Given the botsploitation crisis in recent holiday seasons, online platforms are already taking new and additional steps to detect abusive and unlawful bot use…and to prevent any transactions from being culminated using their services. Thus, end consumers who purchase using bots assume the very real risk that the transaction will be canceled and the product may not be delivered at all.
But here’s the kicker: states have begun to implement laws designed to force bot users and consumers alike to disclose the use of bots not only to buy and sell products, but also to influence political elections, and to prohibit transactions where the use of bots are not disclosed.

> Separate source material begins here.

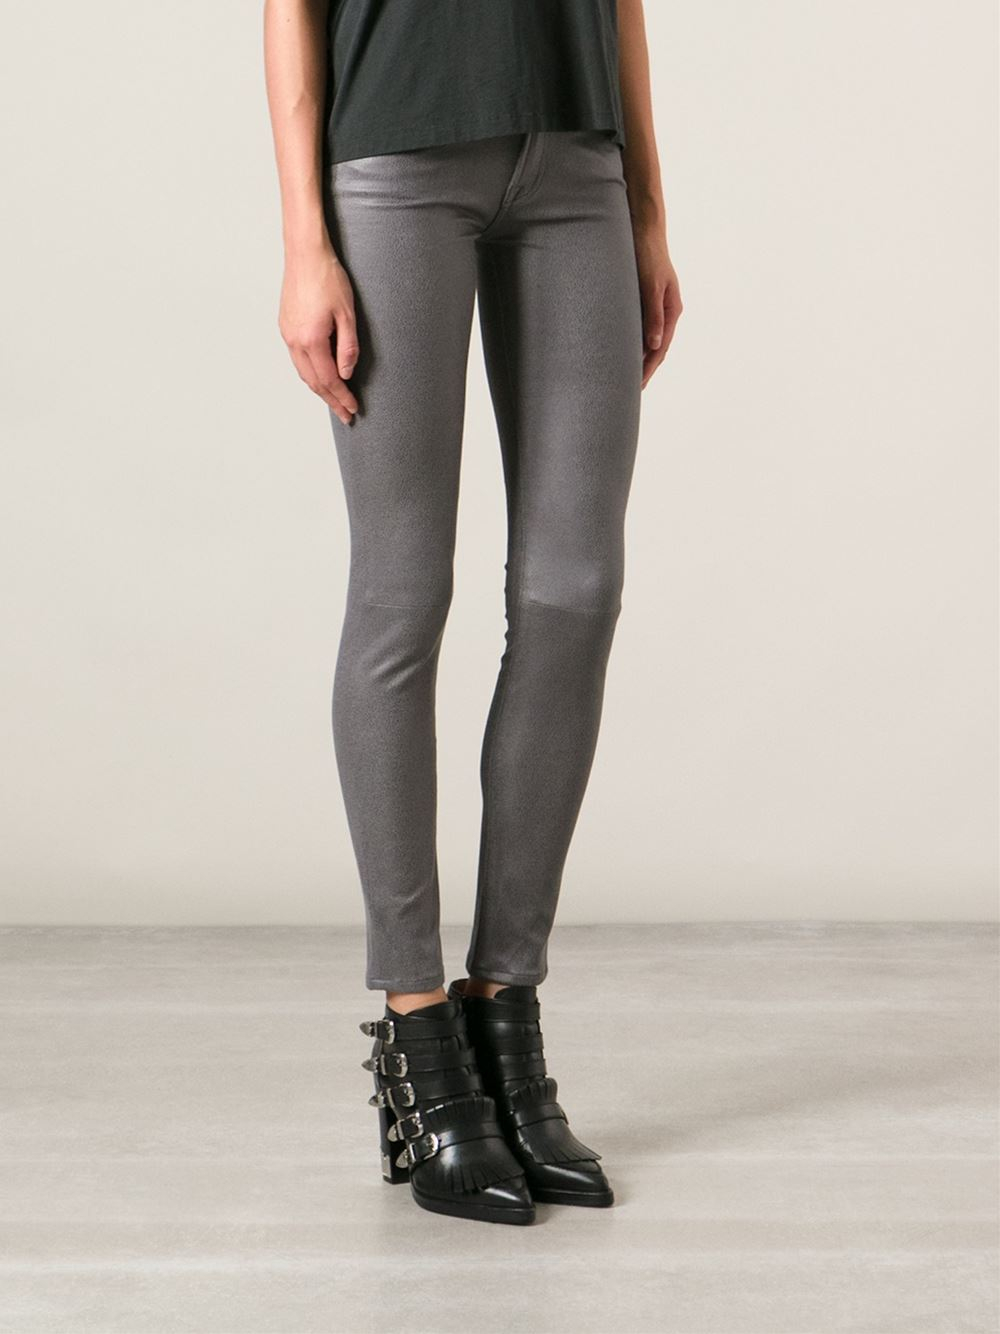 Lyst - 7 For All Mankind Coated Skinny Jeans in Gray

In 2018, California passed the first of its kind legislation, termed California’s “Autobot Law,” Cal. Bus. & Prof. Code § 17940, et seq., which “makes it unlawful ‘to use a bot to communicate or interact with another person in California online, with the intent to mislead the other person about its artificial identity for the purpose of knowingly deceiving the person about the content of the communication in order to incentivize a purchase or sale of goods or services in a commercial transaction or to influence a vote in an election.’” Cal. Bus. & Prof. Code § 17941(a).
The law specifically exempts individuals and businesses who disclose that they are using bots, provided that the disclosure is “clear, conspicuous, and reasonably designed to inform persons with whom the bot communicates or interacts that it is a bot.” Id., § 17941(b).
Beyond the prohibitions set forth in California’s Autobot Law (which is admittedly focused more on disclosure than outright prohibition), businesses that improperly use bots to undermine competition or otherwise monopolize markets or particular products may be subject to class actions lawsuits and other civil suits under state-level unfair competition laws and consumer protection. For example, under California’s Unfair Competition Law (“UCL”), undisclosed bot users could face potential liability for undisclosed bot use to sell products as a form of unlawful, fraudulent, and/or unfair conduct.
Thus, while Congress labors at the federal level to implement comprehensive reform to expand the original BOTS Act of 2016 beyond ticket scalping, state laws may already provide avenues for relief for consumers and businesses harmed by these acts of automated unfair competition.